Persnally I am not too concerned about people stepping up.  A guard staff should have guarding the school as their primary responsibility, and should be hired for their ability to perform such a task.   If staff and faculty also have a desire to step up, there are many ways to help...from taking on additional training to leading drills.   

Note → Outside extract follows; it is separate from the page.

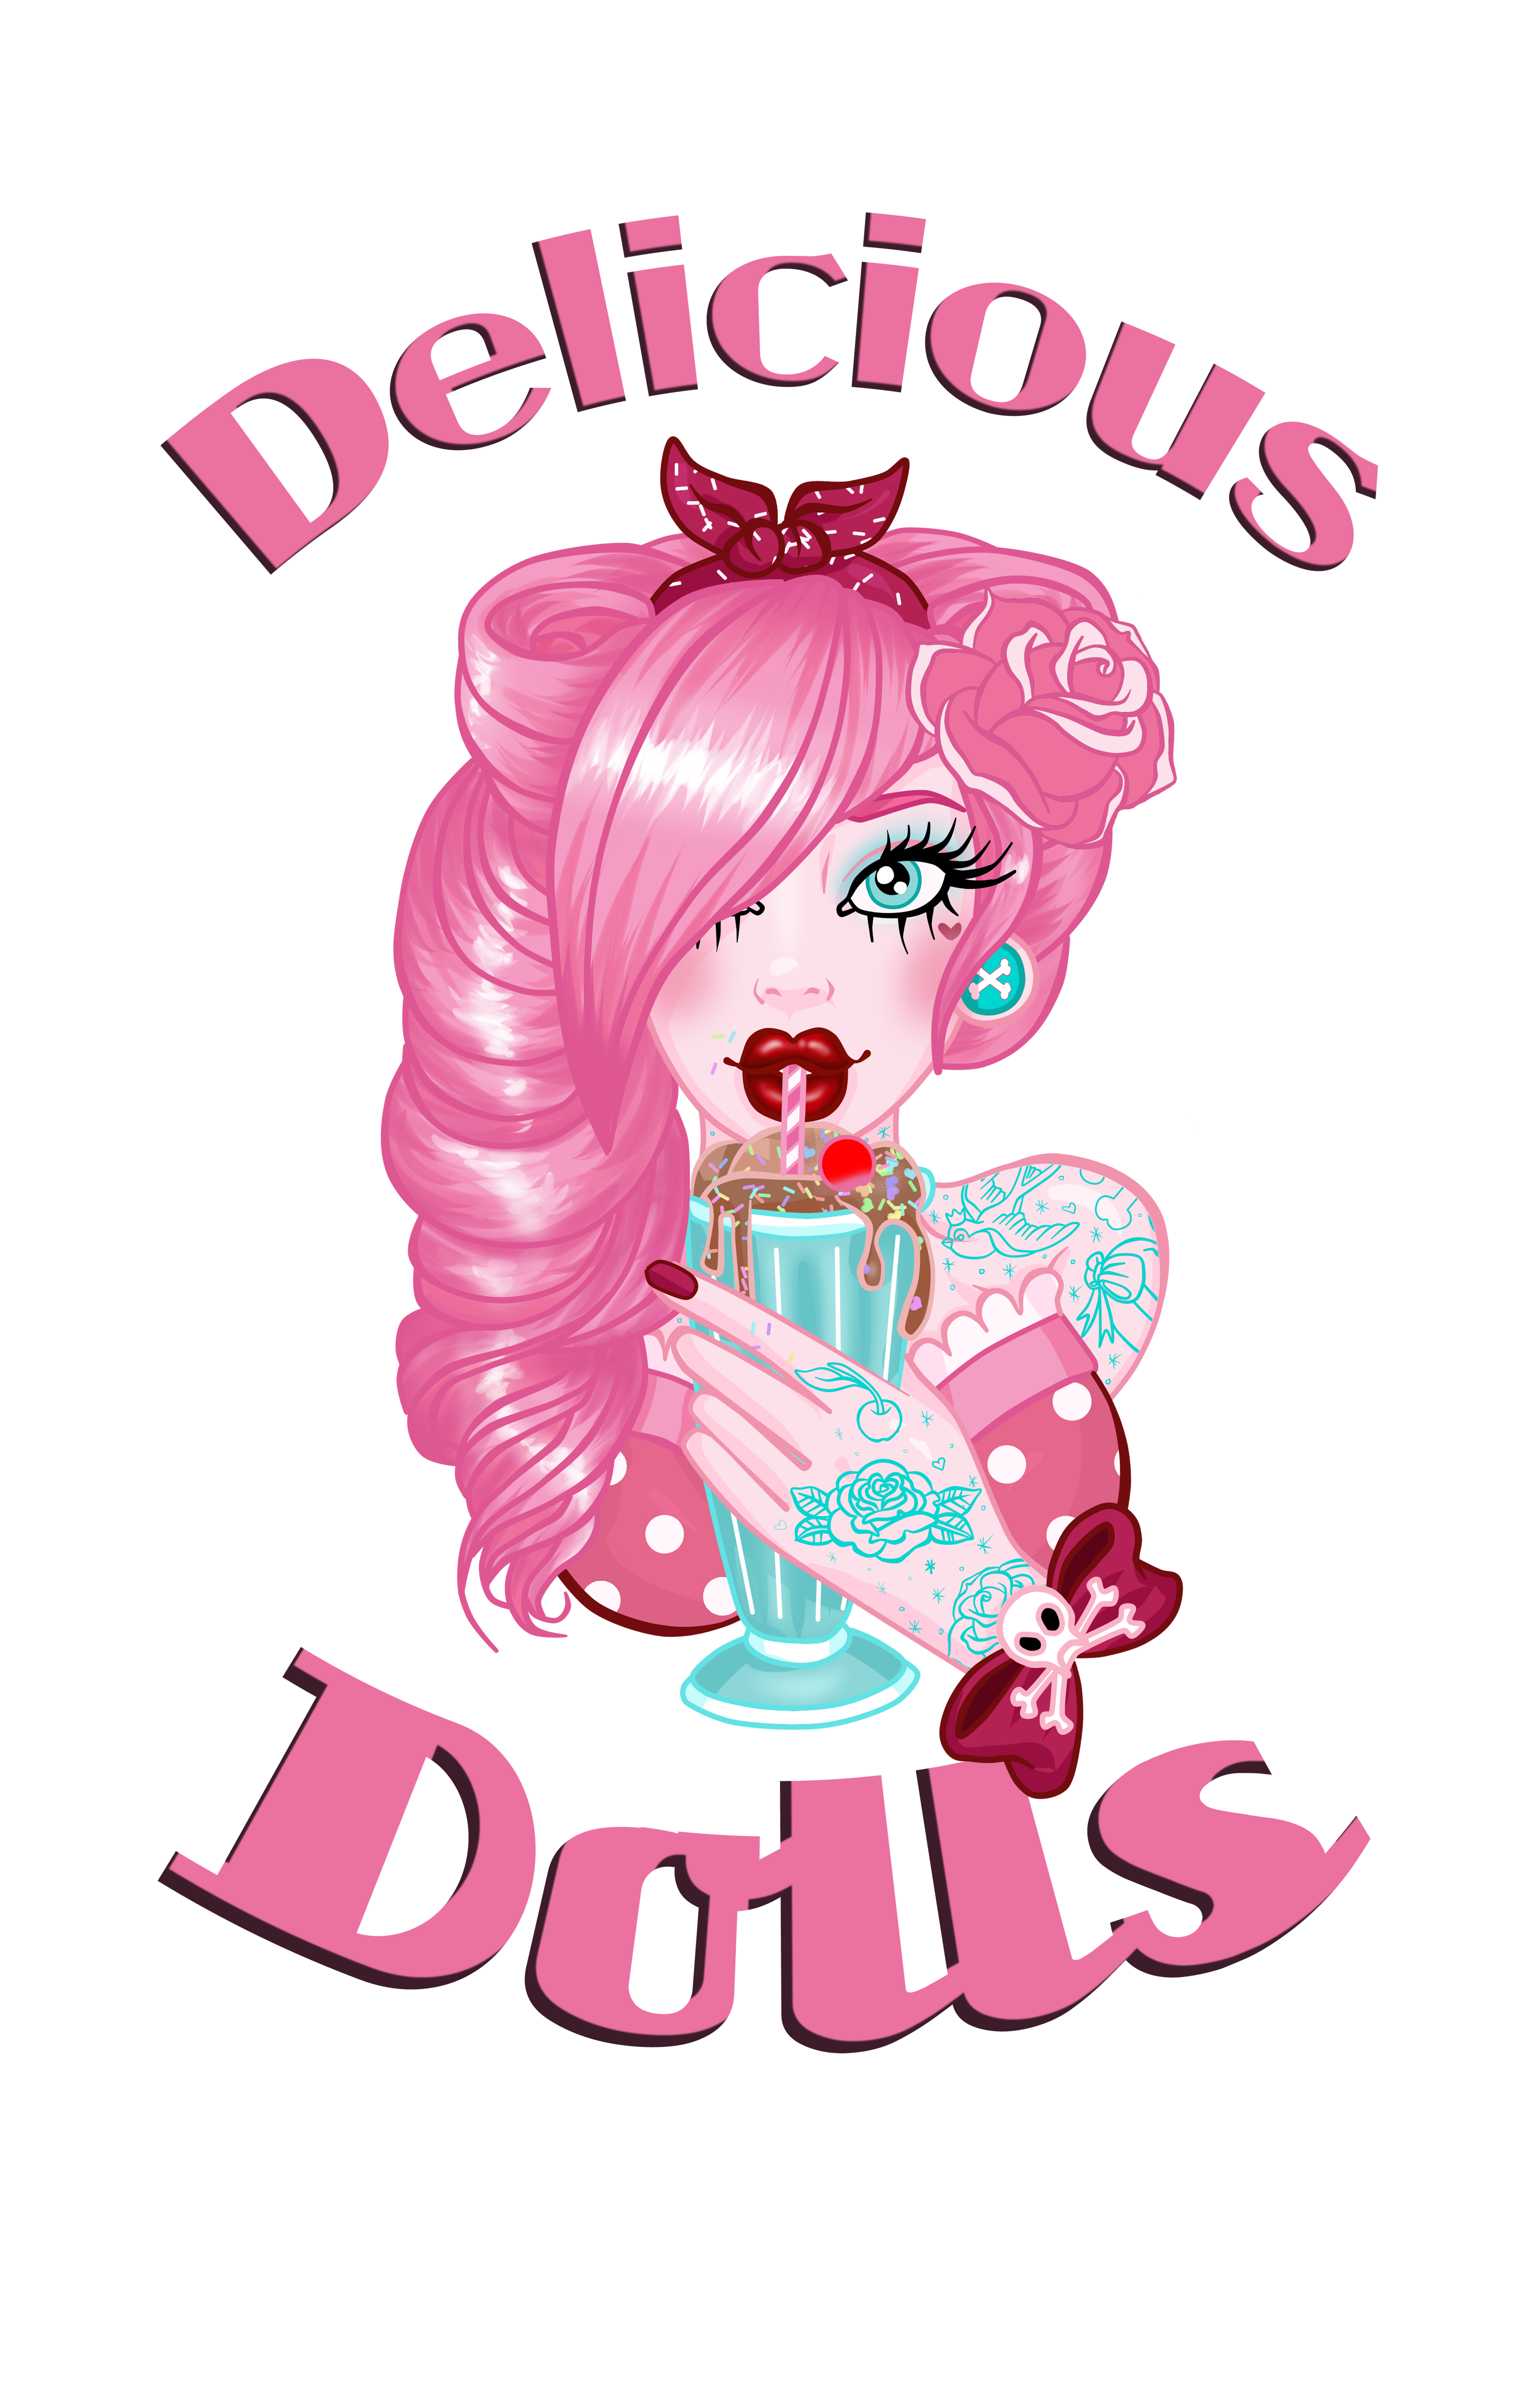 dolls clipart pink doll

I think one of the most important aspects to deploying a major change such as this is that you must play to your resources' strengths, not their weaknesses. Many teachers are quite good at thinking on their feet.  They also learn what they need to do in order to command attention and keep control of the classroom.  These are skills that are invaluable in keeping their charges safe in a time of crisis, regardless of whether they have any other training.


----------



## rlobrecht (Dec 18, 2012)

Makalakumu said:


> How about lines of fire?



The schools in my area are all built with cinder blocks.  The doors all lock, and have blinds on the windows.  They were already performing lock down drills prior to this event (my child was a little nervous the first time in Kindergarten or First Grade, but is used to it now.)

The Superintendent of the school district sent out this email yesterday:


> In my roles as Superintendent of Pearland ISD and father of seven children, I am both alarmed and angry at the unspeakable evil committed against school children and educators in Connecticut.
> 
> Although no school district can guarantee safety from all evil, we remain vigilant and will not underestimate any such threat to our Pearland children. I want you to know that significant safety and security measures are in place and practiced on every campus.
> 
> ...


----------



## WC_lun (Dec 18, 2012)

I would add the schools become part of the patrol route multiple times a day.  It will add an extra layer of security and unpredictability to that security.  Also children and staff seeing and interacting with police officers on a regular basis will have some good results perhaps beyond security.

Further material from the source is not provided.